Yo, ho, ho!

The Deadly Gallows

Ahoy, mateys! Barry Belmont, Johnny D., Russell Garrison, Stefan Jensen and Zachariah Rees pose with a replica of band member Cameron Rees, home sick the day of the photo.

Ahoy, mateys! Barry Belmont, Johnny D., Russell Garrison, Stefan Jensen and Zachariah Rees pose with a replica of band member Cameron Rees, home sick the day of the photo.

Photo by BRAD BYNUM

The Deadly Gallows will play the local music festival FilFest at West Street Market, 148 West St., on May 2 at 5 p.m. All ages. $10. For more information, visit myspace.com/filfest and myspace.com/thedeadlygallows.

Remember a couple of years ago when pirates were still fun? Back in the salad days before the recent slew of attacks by Somali pirates made piracy a no-laughing matter, the first images evoked by the mention of the word “pirate” would be of Johnny Depp wearing a tricorne hat and doing his best Keith Richards impersonation. Or you might think of Captain Hook or, better yet, Cap’n Crunch.

Reno “pirate-core” band The Deadly Gallows has the rum-drinking, sea shanty-singing, booty-plundering, village-pillaging spirit of the pirates of yore. It’s the sound of the rough-and-tumble adventure on the high seas—but recast to the high desert.
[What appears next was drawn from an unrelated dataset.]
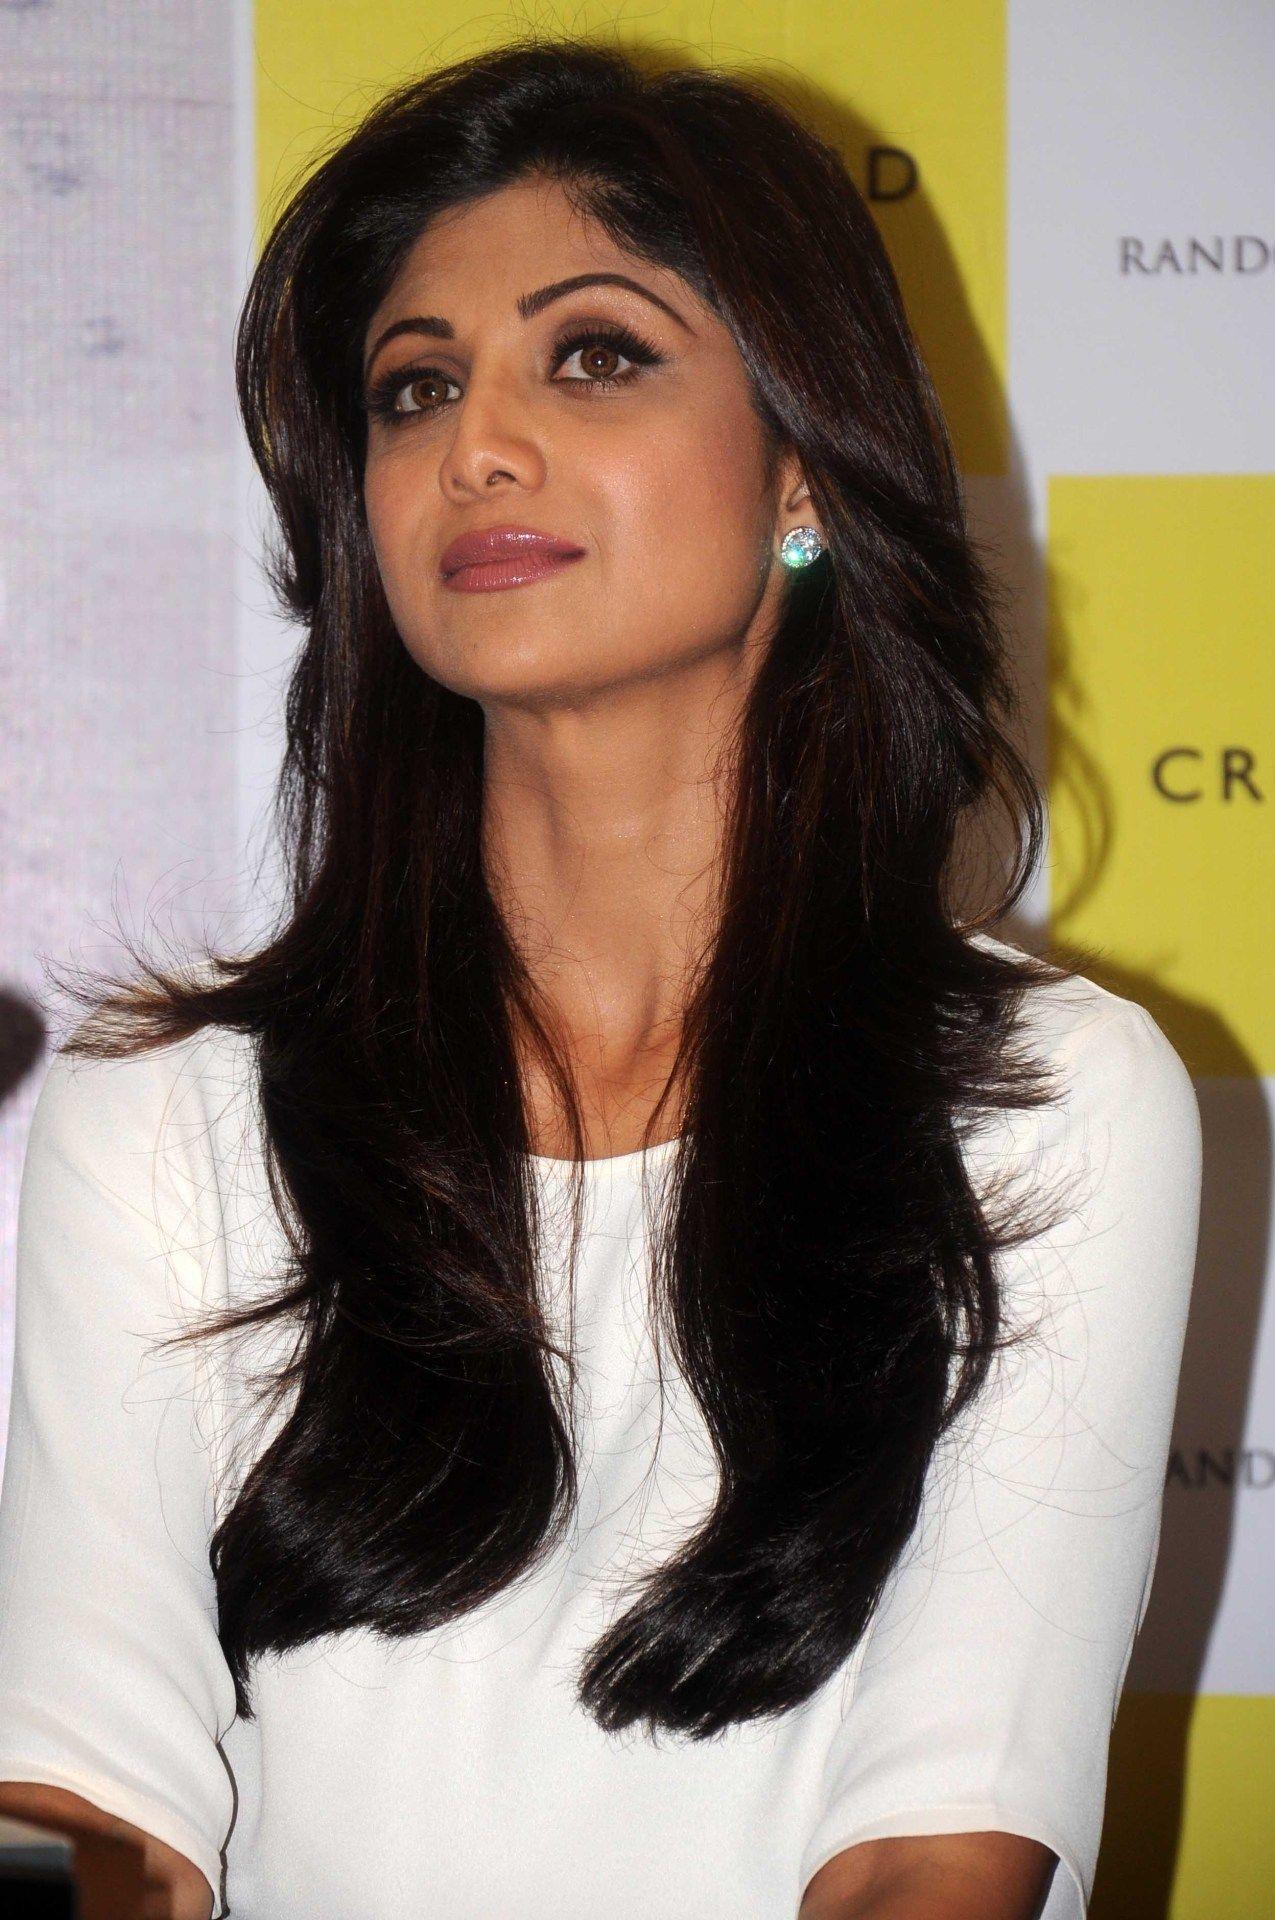 Shilpa Shetty Beauty Bollywood Hairstyles Hair Care Regimen

Pirate-core is a spin-off sub-genre of the folk-punk movement started almost single-handedly in the early 1980s by the London band The Pogues, who played traditional Celtic folk with the gutter fury of punk rock. The pirate theme was prominent on their 1985 album Rum, Sodomy and the Lash. That album, along with Adam Ant and a couple of Tom Waits songs like “Singapore,” is the root of pirate-core.

But the biggest and most recognizable influence on The Deadly Gallows is a defunct Reno band: local pirate-core forbears The Scurvy Bastards, who had a fierce swashbuckling run in the early 2000s.

Johnny D., The Deadly Gallows’ vocalist, banjo player and principle songwriter, recalls being blown away upon first hearing The Scurvy Bastards as a teenager. He had recently taken up playing the banjo and the rowdy 18th century tavern atmosphere of The Scurvy Bastards fit perfectly with what he wanted to hear—a case of listener and music fitting together like a patch over an eye.

“I just started naturally figuring out the pirate sound,” he says.

And what’s the pirate sound?

“Well, I write everything in A minor,” says Johnny D., with a laugh. “It’s a good pirate key.” A minor is a favorite key for folk musicians and musical primitives of all stripes because it’s arguably the easiest key to play on both the piano and the guitar.

The pirate theme provides a treasure chest of inspiration. Johnny D. works the raw materials of life into sing-a-long tales of freighters and buccaneers.

“I always had trouble knowing what to write about,” he says. “This gives me a metaphor for everything.”

For example, when a band member quit, the group’s frustration and disappointment was transformed, using the magic of pirate metaphors, into a song aptly named “Mutiny.”

In addition to Johnny D., the solid, dexterous current lineup includes guitarist Barry Belmont, bassist Stefan Jensen, drummer Russell Garrison and pirate brothers Zachariah and Cameron Rees on accordion and violin, respectively.

The music occasionally has a dissonant and foreboding quality, sometimes slow and moody, but often underlined with urgent and driving rhythms. The vocals, led by Johnny D., but with the others joining in for the raucous choruses, are gruff and throaty—more shades of Waits and The Pogues’ Shane MacGowan and even The Scurvy Bastards’ Brooke Walker.

The pirate theme of the songs—not to mention the pirate costumes—might strike some readers as a gimmick, but it’s a gimmick backed up with some good songs. And what could possibly be a better gimmick than pirates? Ninjas, maybe?